Trusting X-Forwarded-For to “identify” a visitor

Session Hijacking

So I have a slight problem. I'm trying to identify a visitor, which is very hard if not impossible by $_SERVER veriables as mentioned in this question: Preventing session hijacking.

Possible Solution

To make a bit harder than just copying the cookie from Client A to Client B (which is sadly childsplay), I want to collect some info and validate this against something I have stored. In my database I want to store things like User-Agent, IP-Address, OS etc. This I will encrypt using MCRYPT and store. To match against a user, a lot of variables have to be set, this makes it somewhat harder than just copying the cookie contents to login.

The problem

Here's when my problem starts... The User-Agent and OS are nearly if not completely identical. The reason is that it are Fat Clients with the same bootable image. Another problem is the IP. The server in the Datacenter has a connection to the office. For our applications (even tho not externally accessible) the IP-Address is the same for every client. I found out that I could try to use the X-Forwarded-For header to distinguish IP addresses and thus make the user a bit more unique.

What's next?

What I would like to know is the following: How can I make sure the X-Forwarded-For is ALWAYS set without having to anything the clients have access to? Does something have to be added there by routing? Our connection is https, so I doubt I can just "inject" something. Next to that, if I can inject something like this, can the users client side do this?

The clients are in our internal office network and the applications (running in php) are not accessible from the outside

The X-Forwarded-For and User-Agent HTTP headers can easily be spoofed by any user (just as easily as copying a cookie from one machine to another).

Chrome extensions such as Header Hacker can be used on the client, and since your site is using HTTPS these headers cannot be added en route (as the headers need to added to the OSI application layer, not the transport layer).

If you're worried about users copying cookies between one another, is there any mechanism that would stop them sharing their username and password credentials? If you did manage to implement something that verified that their sessions remained on the same client machine, couldn't they simply work round it by logging in as each other?
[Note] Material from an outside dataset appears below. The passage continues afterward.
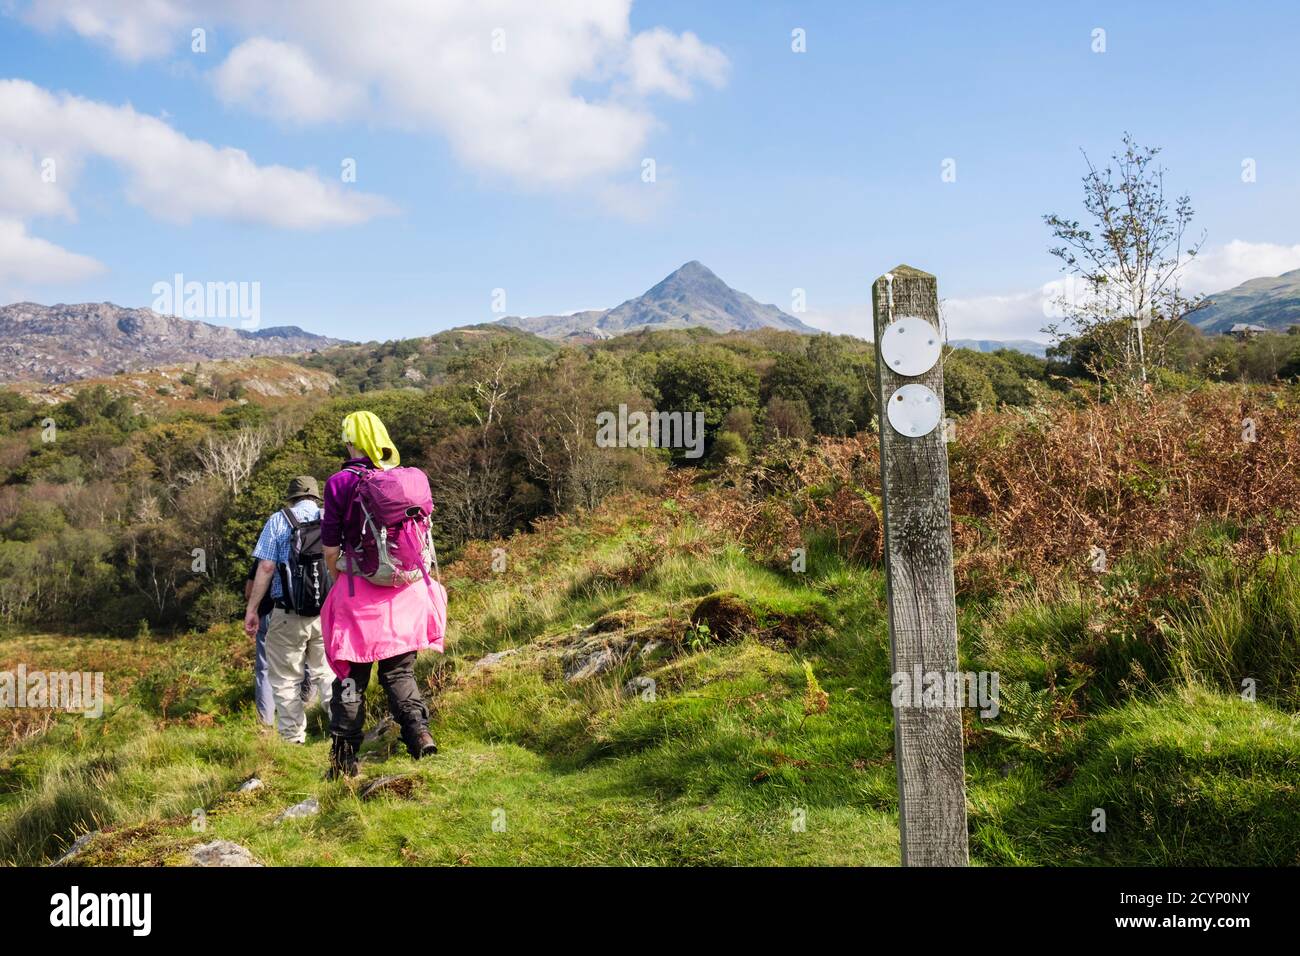 Les randonneurs marchent sur le sentier de randonnée dans les collines du parc national de Snowdonia avec le signe de chemin et le sommet de montagne de Cnicht à distance. Croesor, Gwynedd, pays de Galles, Royaume-Uni, Grande-Bretagne Banque D'Images

Aside from my questions, for a solution you could introduce a local proxy into your internal network, purely for connecting to your site at the data centre. The site should reject any connections that are not from the IP of the proxy server (configure the web server or firewall to only accept the client IP of the proxy for web connections). Using this approach you will need to install an SSL certificate onto the proxy, which each client machine can trust. This will enable the proxy server to decrypt traffic, add the appropriate IP address header (overwriting any set by the client) and then forward it onto your server. The server code can then safely check the X-Forwarded-For header to make sure it remains constant per user session.

If this sounds like a good solution, please comment if you have any questions and I'll update my answer.

Two other thoughts:

You could use something to fingerprint the browser like panopticlick. However, as this is retrieving various values from the client and creating a fingerprint, it can all be spoofed if the headers are set the same as another user's. Also, as each machine is from the same bootable image, this might well be the same anyway.
Rolling session cookies: You could randomly regenerate the session using session_regenerate_id(). This will update the session ID of the client creating the request, and any other client using the same ID will then be logged out because they are sending the old session ID. Actually, you could do this on every request which will ensure that only the current client is using the current session.